I name the sounds I can hear. Birds. Are the birds in the winter different? I wish I knew something about birds. The wind blowing through the pine trees just beyond the house. A sound that might be snow, but I can’t tell. The hum of the generator. Rex’s breathing. Then I move on to smells. My nose is a little stuffed up from crying and sleeping, but everything smells like Rex’s house. Homey.

Before I make it to breaking down the individual smells, though, Rex stirs next to me and I have to open my eyes to look at him. He’s so beautiful I still can’t believe that I could just reach over and touch him if I wanted to.

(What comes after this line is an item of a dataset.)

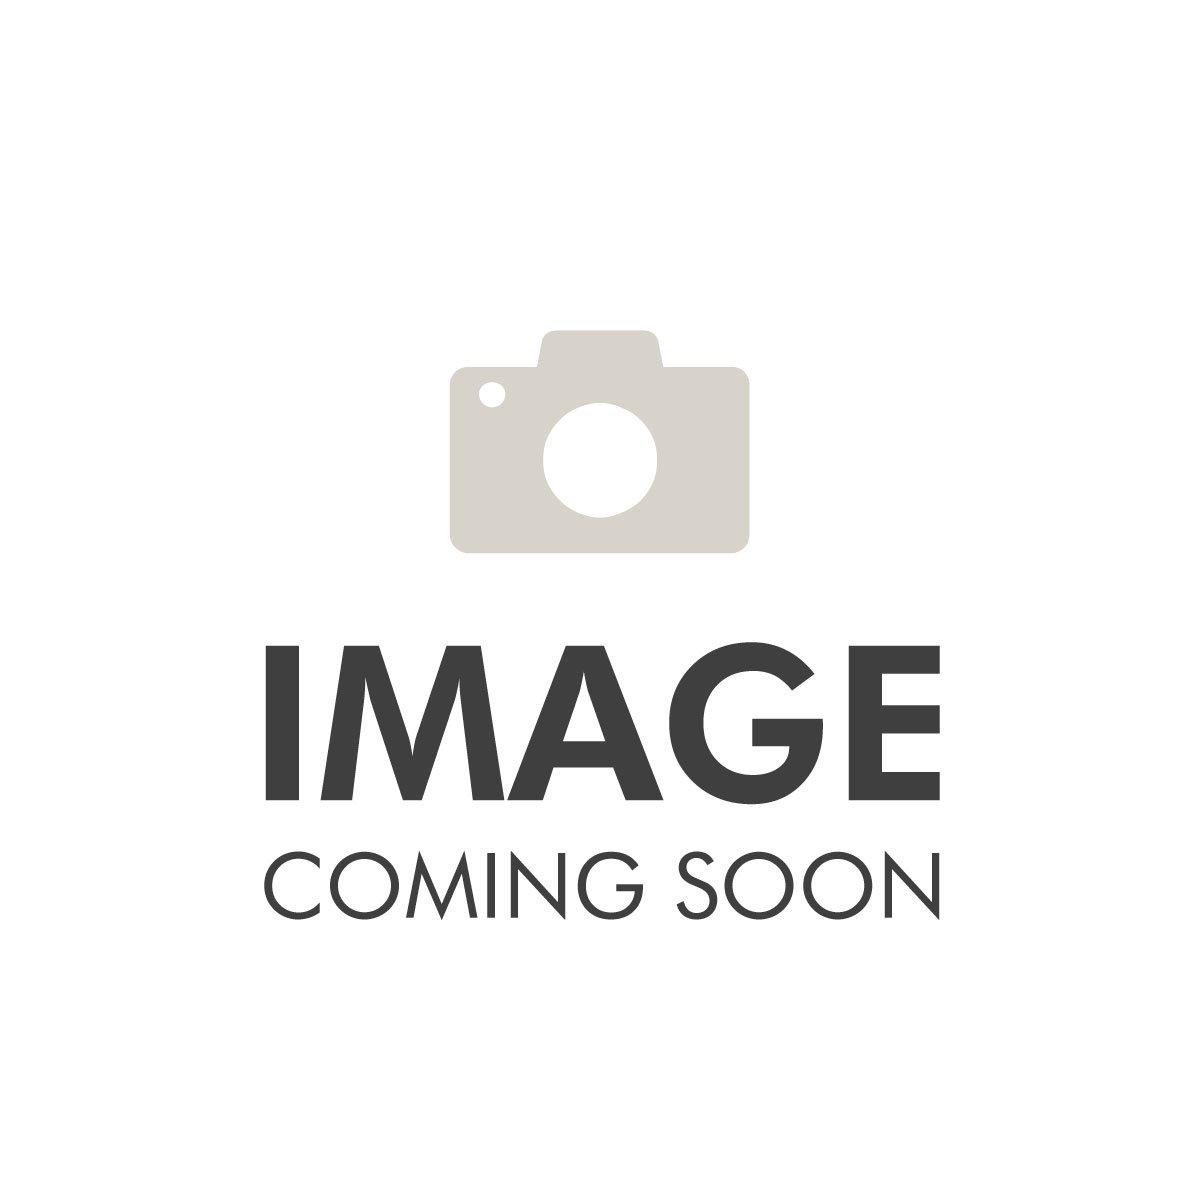 Thierry Mugler Angel Gift Set 25ml EDP + 100ml Body Lotion + 30ml Shower Gel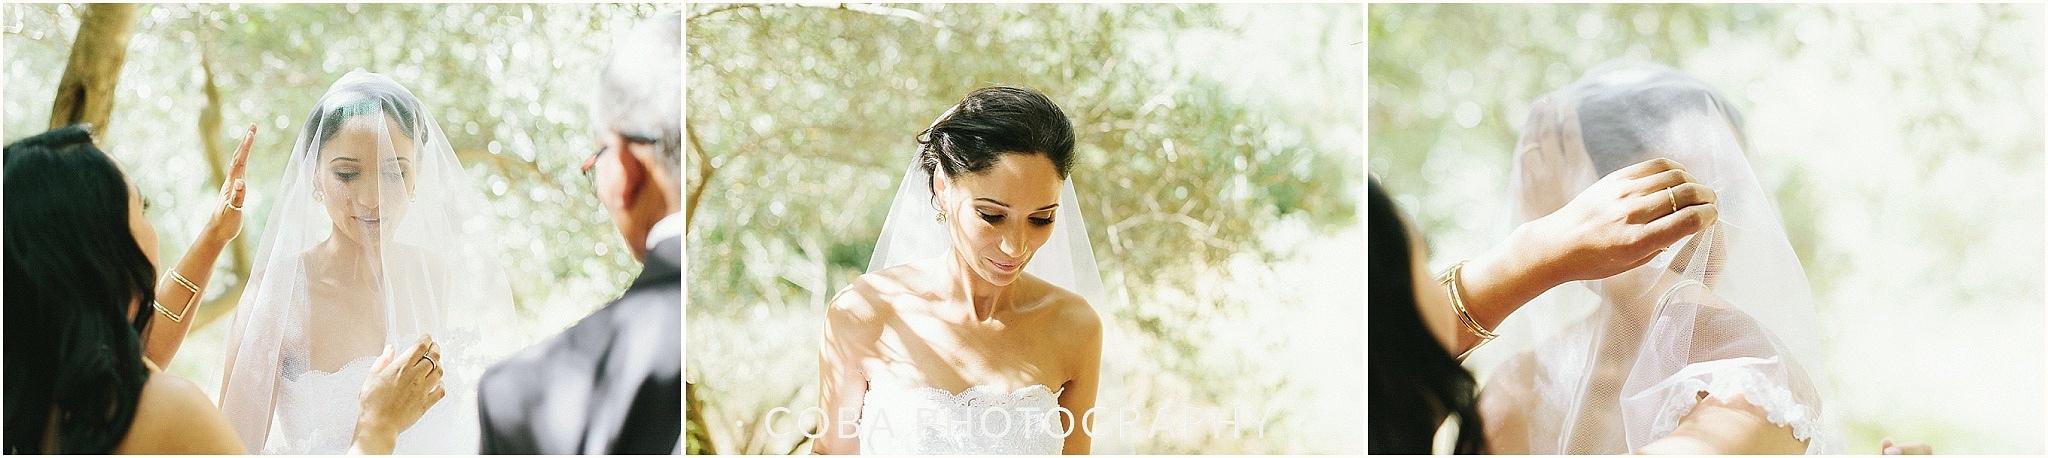 Marc&Melissa - Cascade Manor - Coba Photography (101)

I don’t understand the way I feel. It’s no different than yesterday, but everything’s changed. I don’t know what kind of tether love is between us. The man lying next to me… all of his… stuff. Not belongings, but thoughts, feelings, history. I don’t know what I’m supposed to do with it. Am I responsible for it and he for mine? Does love imply a promise of some kind? These are things I feel like I should know, but I just… don’t.

“Hey,” Rex says, and I feel like a bit of a creep for staring at him while he sleeps.

“Hey.” There’s so much I want to say to him, but I’m not sure how to start. “Um,” I say. “Do you think it’s snowing?”

“Yeah,” Rex says after listening for a moment. “I think we’re supposed to get a few inches today.” I stare absently at the window for a minute even though the shade is closed.

“Daniel.” Rex’s warm hand lands on my shoulder. I realize I’m still wearing my clothes from yesterday, though Rex must have stripped sometime in the night because he’s in his underwear. “Last night,” he continues. “I meant what I said.” He seems a little anxious, as if I’m going to claim not to remember anything, but he looks right at me.

“Me too,” I say, but I have to look away. I don’t know why I feel so embarrassed, but I do. I fiddle with the edge of the blanket, telling myself that if you love someone, you should probably be able to sustain eye contact with them, but I feel so shy.

“Can you look at me, please?” Rex says, tenderly but with the hint of an order.

I look at him, my heart racing.

“I love you,” he says, and somehow it doesn’t sound like a grenade of found language the way it always does when I hear other people lob it at each other casually.
Loveyou
, as they hang up the phone;
Loveyou
, when they’re running out the door.
Loveyou
, as they race to class, already texting someone else.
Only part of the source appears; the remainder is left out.